The rest of society ridiculed the need for a general army because tribes already had military capability, and fulfilled a protective role. This created a rift between elites close to Gaddafi, and the disadvantaged ranks. In 2011, these lower orders turned against the regime, fracturing the army along rank lines. Tribal divisions within the army eroded internal cohesion yet further.
with armed factions divided by tribal membership, socioeconomic status, or position on the secular-Islamist cleavage, Libya descended into another civil war
But party system development and military professionalism are not standalone issues. Even under full civilian control and cohesion, the military is neither isolated nor neutral.
Depending on how an army is recruited, military corps can reflect overall societal structures. If the military has salient politicised factions, they can form alliances with civilian groups based on shared interests. Conversely, societal groups can cooperate with specific military factions. In the worst case, one may end up with armed factions divided by tribal membership, socioeconomic status, or their position on the secular-Islamist cleavage, but without a civilian political arena for negotiations. And that's roughly how Libya descended into another civil war after 2014.
There is of course a plethora of issues to resolve in Libya before democratisation can take root. However, party system development and military unification stand out because of their historical salience and their respective role in shaping past wars.
Forming a unified military is not just a by-product of election preparation; it is imperative for Libya’s exit from state failure. Preparing elections without functioning parties, a party system, or other crucial logistics in place, will at best be inconsequential. At worst, it could set the stage for future conflicts.

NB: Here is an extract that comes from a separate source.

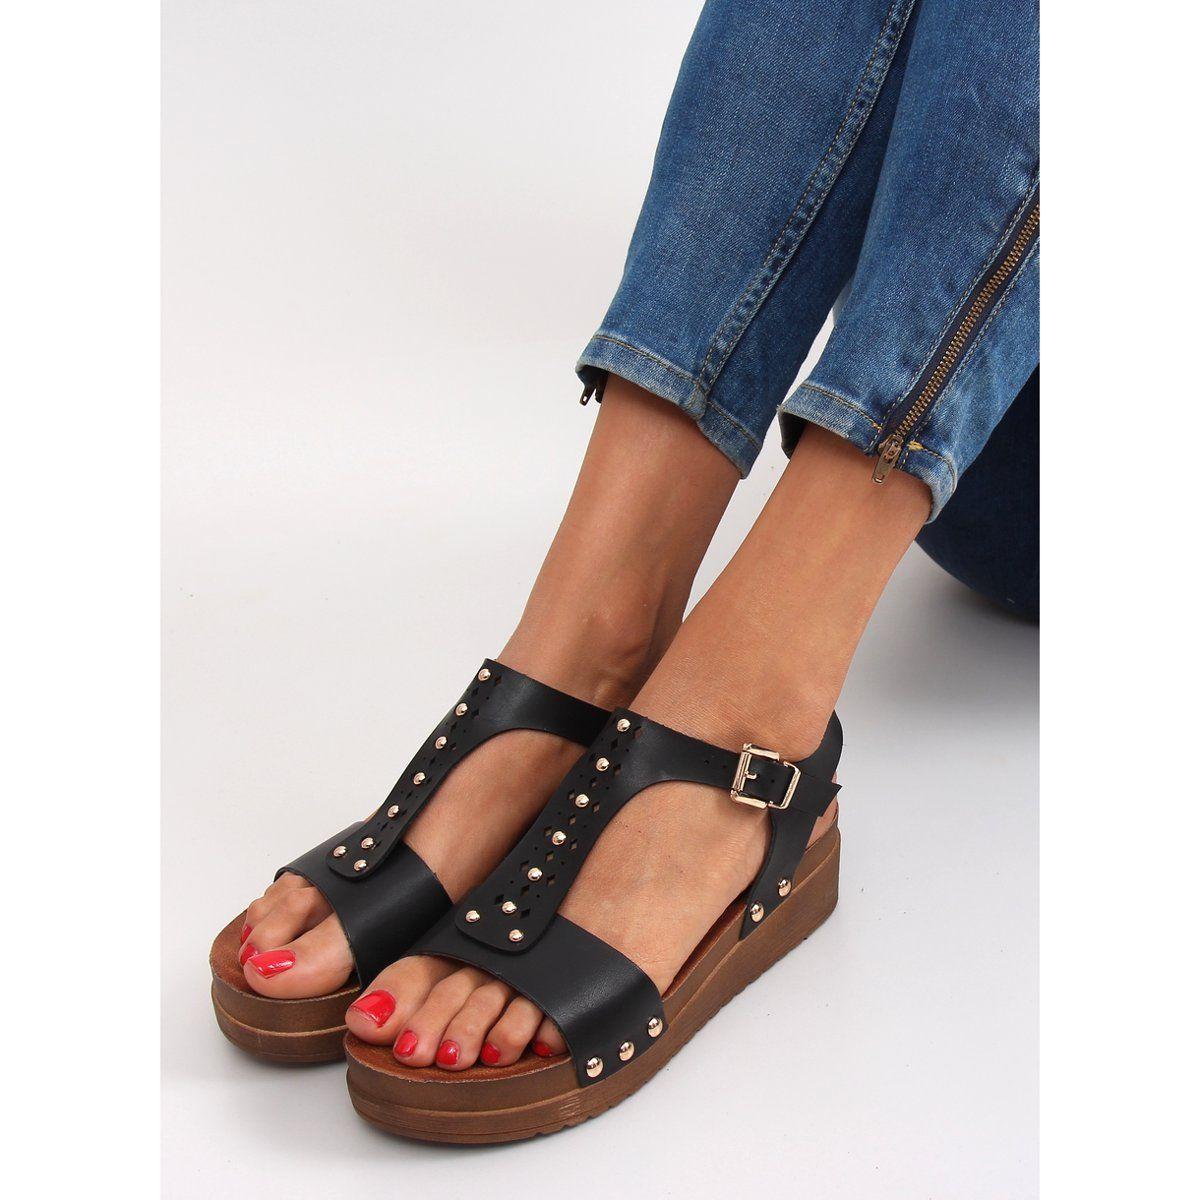 Sandalki Na Grubej Podeszwie 568 5 Black Czarne Shoes Sandals Birkenstock

Forming a unified military is not just a by-product of election preparation; it is imperative for Libya’s exit from state failure
Libya's lack of a unified military and dysfunctional party system are detrimental to regime stability. But in conjunction with each other, they form a vicious circle that can uproot newly formed institutions and hinder long-term democratisation.
Policymakers must understand that Libya’s war does not erase its past, nor does it reset the circumstances that led to the Libyan Revolution in February 2011. Libya’s point of departure was an autocracy that lacked the institutions necessary for a regime transplant. Disarmament, rebuilding infrastructure, post-pandemic recovery, and transitional justice are just a few of the other problems that pose risks to future regime survival. They have, however, received too little time from diplomats and politicians. Right now, what matters most for Libya’s future is pretty much everything but the elections.